Purist also hooked us up with the best driver and guide on the island, Gede Gunasta, a.k.a. Gooday Bali.



We had a hard time figuring out which waterfalls to visit with the Bubs, but Gede knows all the waterfalls in Bali - and he's a dad, too, so he understood exactly what we needed. Therefore, we can say with confidence that Tibumana Waterfall and Kanto Lampo Waterfall are easy hikes with an infant in tow. Tibumana is a picture-perfect ribbon waterfall with a peaceful cove for a splash pool, and Kanto Lampo is a wide cascade that you can climb on - very popular with the 'look-how-hot-and-wild-I-am' snap-a-gram crowd.



Rice terraces are popular in Bali - surprise! The Tegallalang rice fields are well-known and easy to trek with a baby. We found the rice terraces in Bali to be nice but no match for those in the north of Vietnam. If you're new to rice terraces, do go. If you've been to Sa Pa or thereabouts, prioritize the temples and waterfalls if you don't have unlimited time.

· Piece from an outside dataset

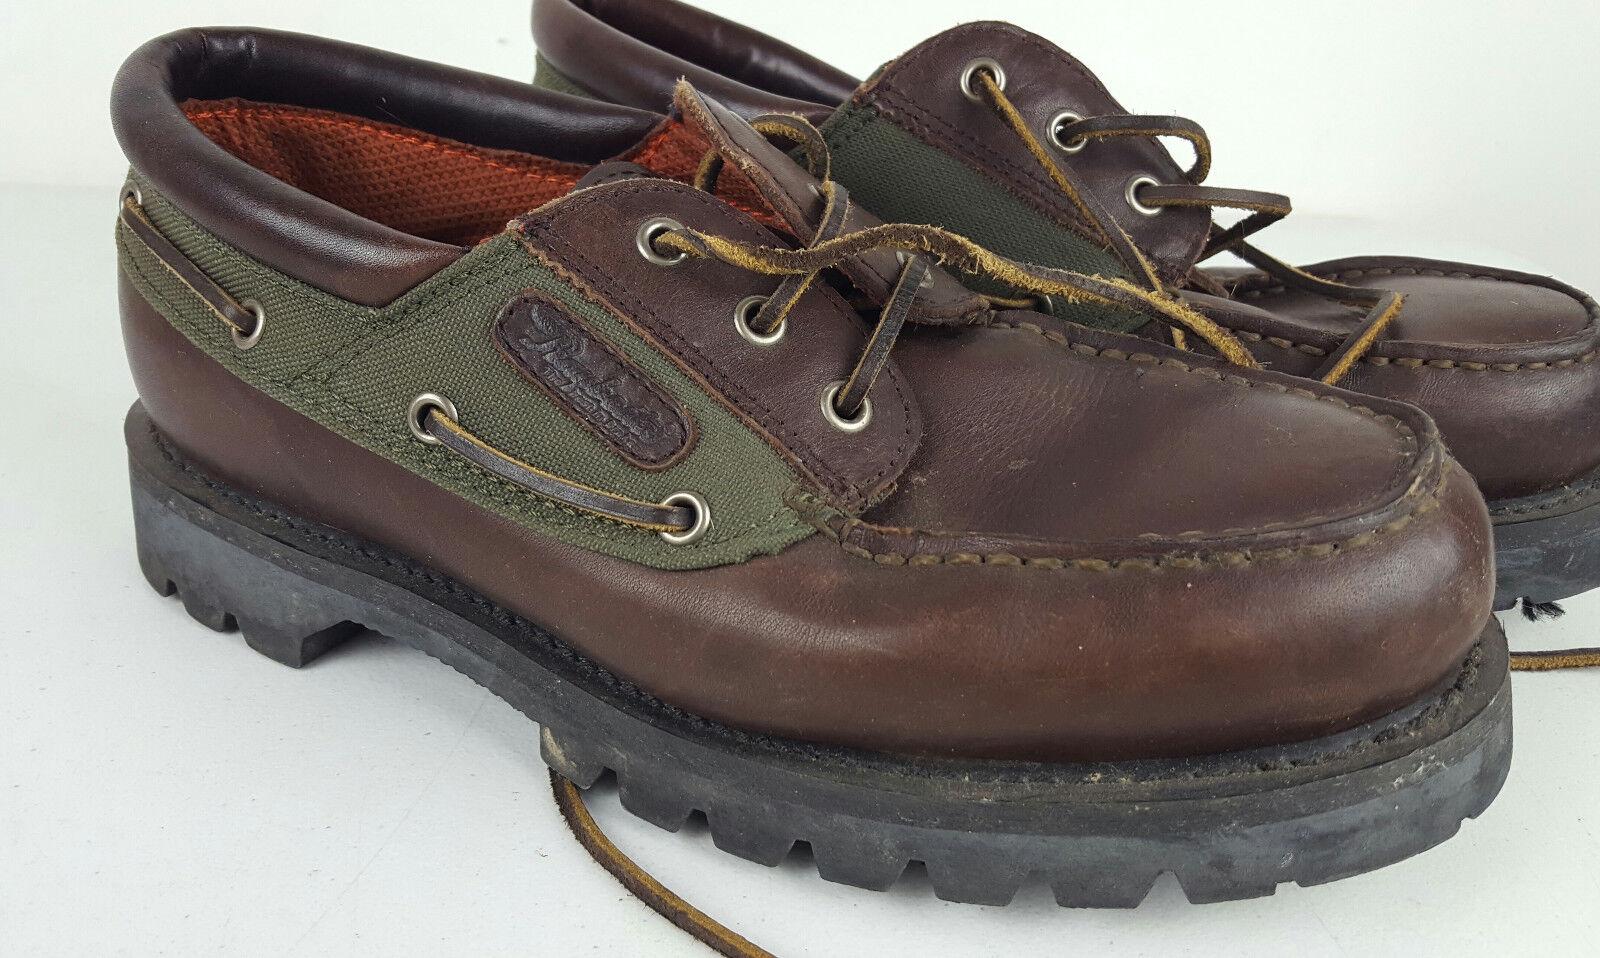 Raybestos Heavy Duty Work Shoe Brown Green Goodyear Welt Men's 9.5 RPP2000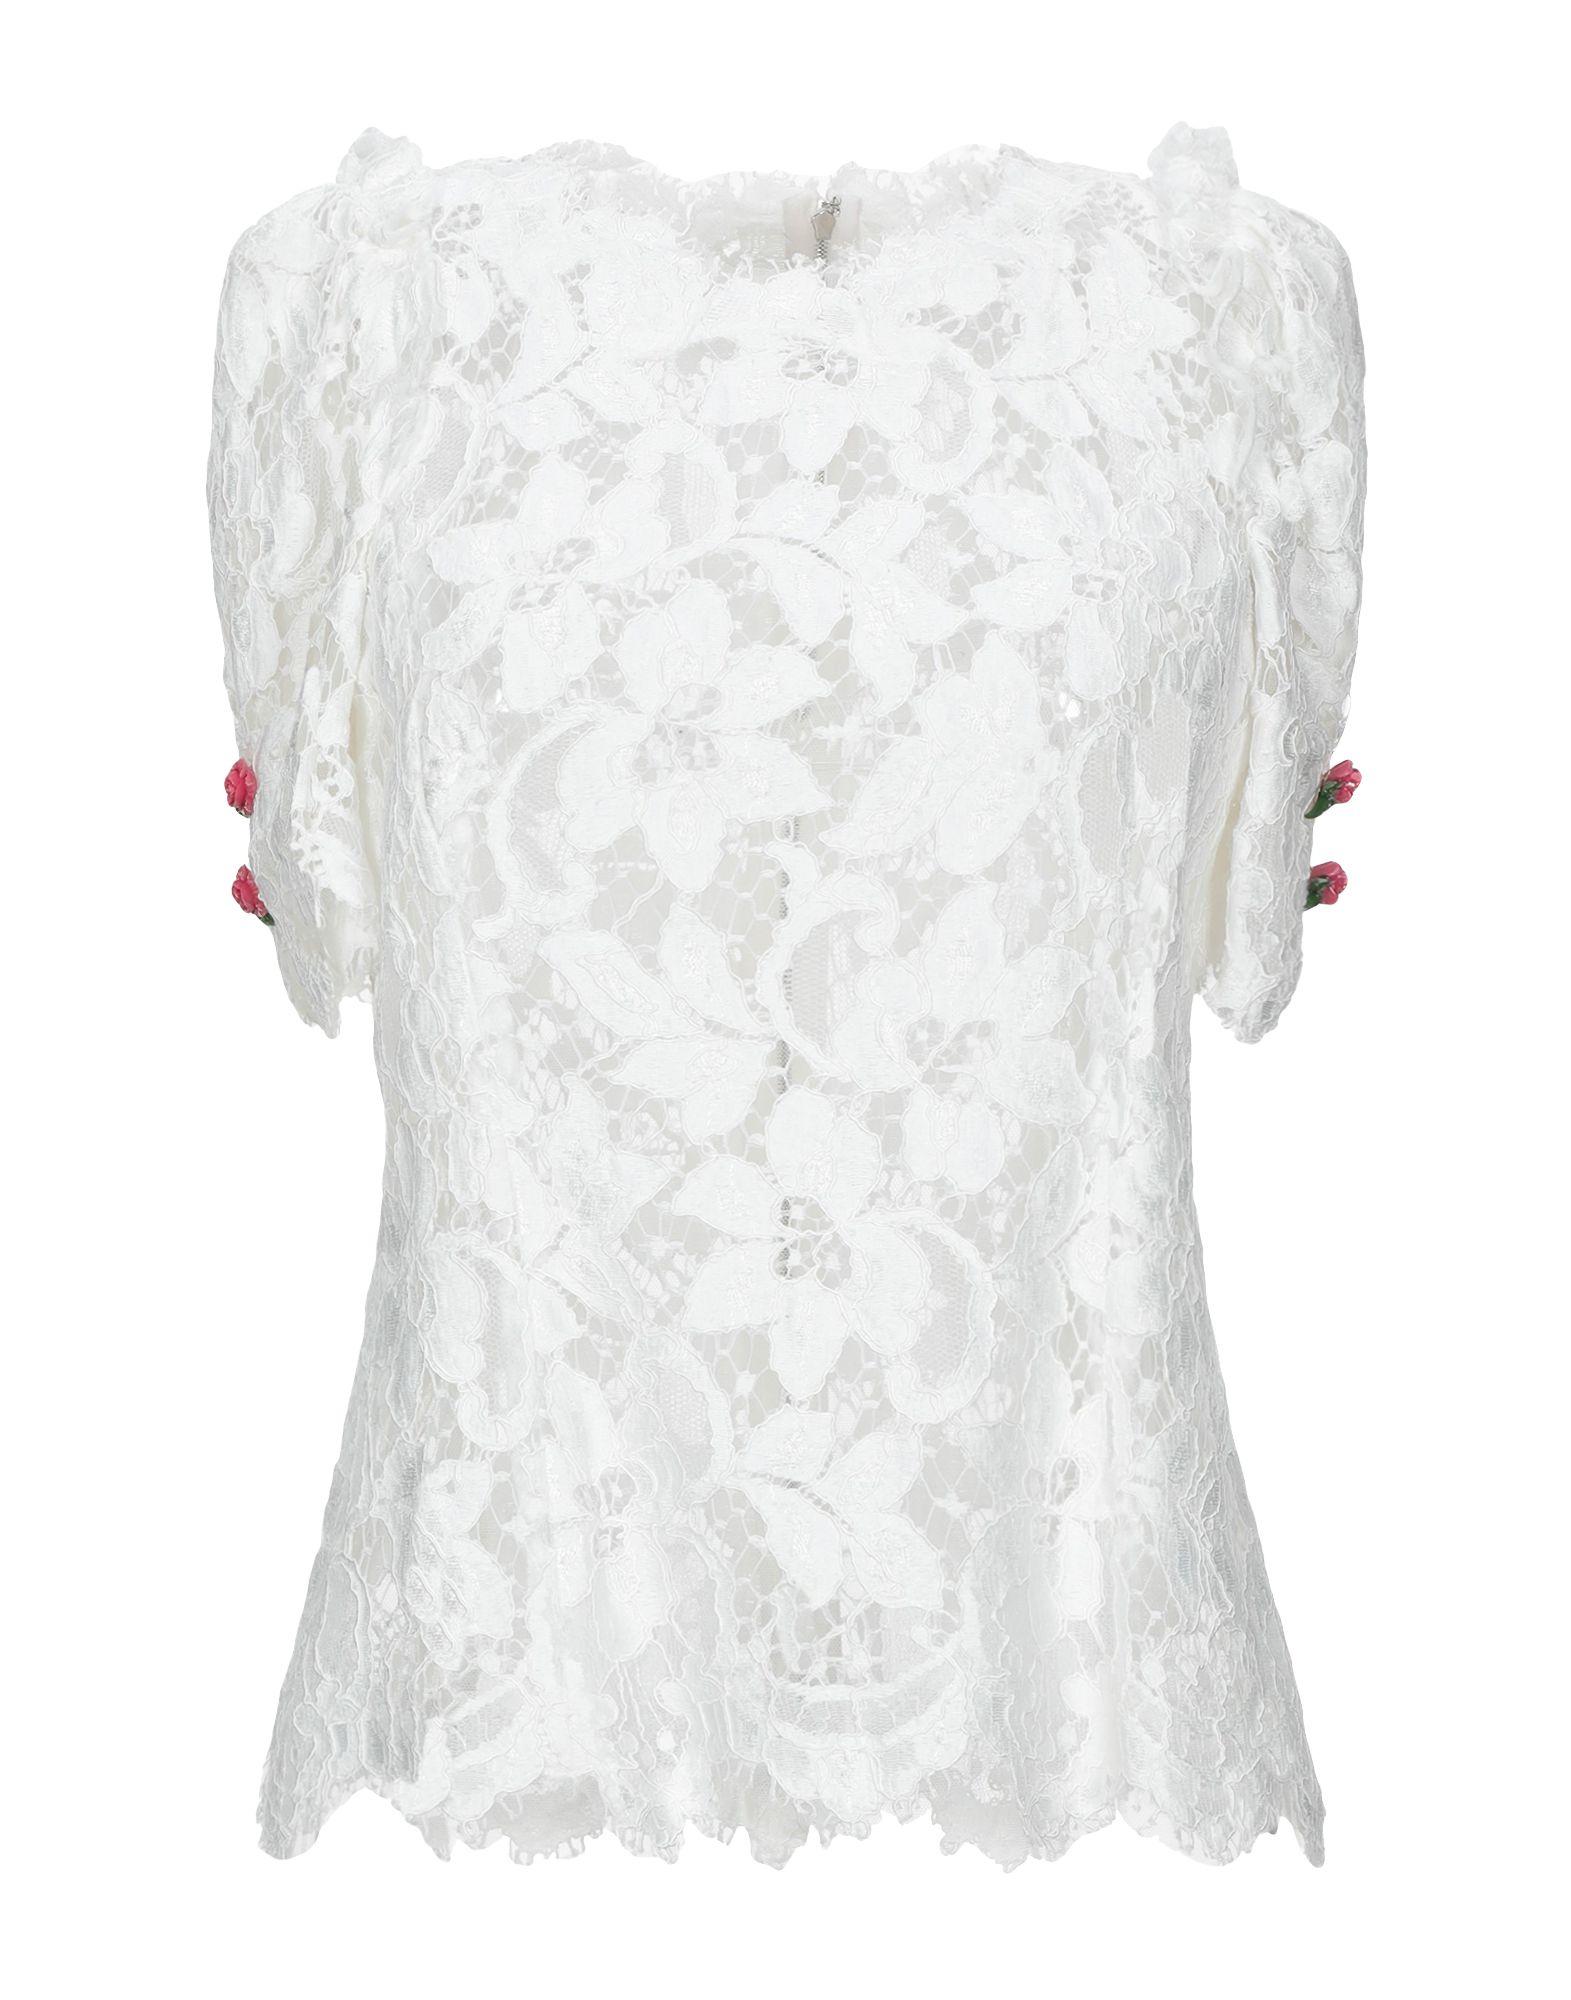 Фото - DOLCE & GABBANA Блузка блузка dolce

Even after a fair amount of standard SE Asia temple fatigue - a real condition afflicting many sufferers - the temples near Ubud were pretty impressive. Our first temple stop was Pura Gunung Kawi, where Penelope made friends with several monkey statues.



Pura Tirta Empul is the main event for Ubud-area temples. We participated in the full-on purification ritual, and we brought baby Penelope along for splashes. We found it pretty funny that some of the pop-tart tourists in front of us were so aghast at how 'disrespectful' they thought we were being -- as though their insta-chat feeds are evidence of devout Hinduism or some nonsense. All the Balinese people there (and many of the other visitors) loved seeing Bubs' fascination with the water and her joy from being in the pool as we moved through the purification ceremony.



Our last temple stop was Goa Gajah Temple. At Goa Gajah you can tour the ancient Hindu temple on the main level and then go look around the even more ancient Buddhist ruins down in the gorge below. The super-ancient Buddhist foundations were rocked by several earthquakes over the years and now look like an Indiana Jones set. Perhaps my favorite thing about Goa Gajah is that there are flowers there (I think they are flowers) that look like pink truffula trees straight out of The Lorax.



There are plenty of delivery food options in Ubud - it's a well-established tourist destination, so just search up stuff on your phone and order. Delivery food makes parenting so much easier, especially on vacation, so (as I mentioned earlier) it was nice that our resort was so nice about it. Nasi Goreng (rice) and Mee Goreng (noodles) are always solid choices in Indonesia.


When we ate out, we went to Clear Cafe, an organic restaurant with plenty of vegetarian and vegan options. The White Strawberry milkshake at Clear Cafe was life-changing; the rest of the food was good, not great. The building is beautiful.


After eating dinner at Clear Cafe, we went to Tukies for some coconut ice cream with toasted coconut on top. If you like treats, don't miss Tukies. The coconut ice cream is excellent. They also have coconut brittle that goes well on any treat you can eat with a spoon, and you can take a bag home with you. You'll also want to pick up a pack of Tukies chocolate coconut cookies. Try not to eat them all in one sitting - good luck. They also go well in ice cream.


There wasn't much local beer, but one brewer we liked was Kura Kura, and we were able to have it delivered.


Although the crowds in Bali are sure to have recovered, which will undoubtedly result in agitation that we were mostly able to avoid, we found Ubud to be worth the trip.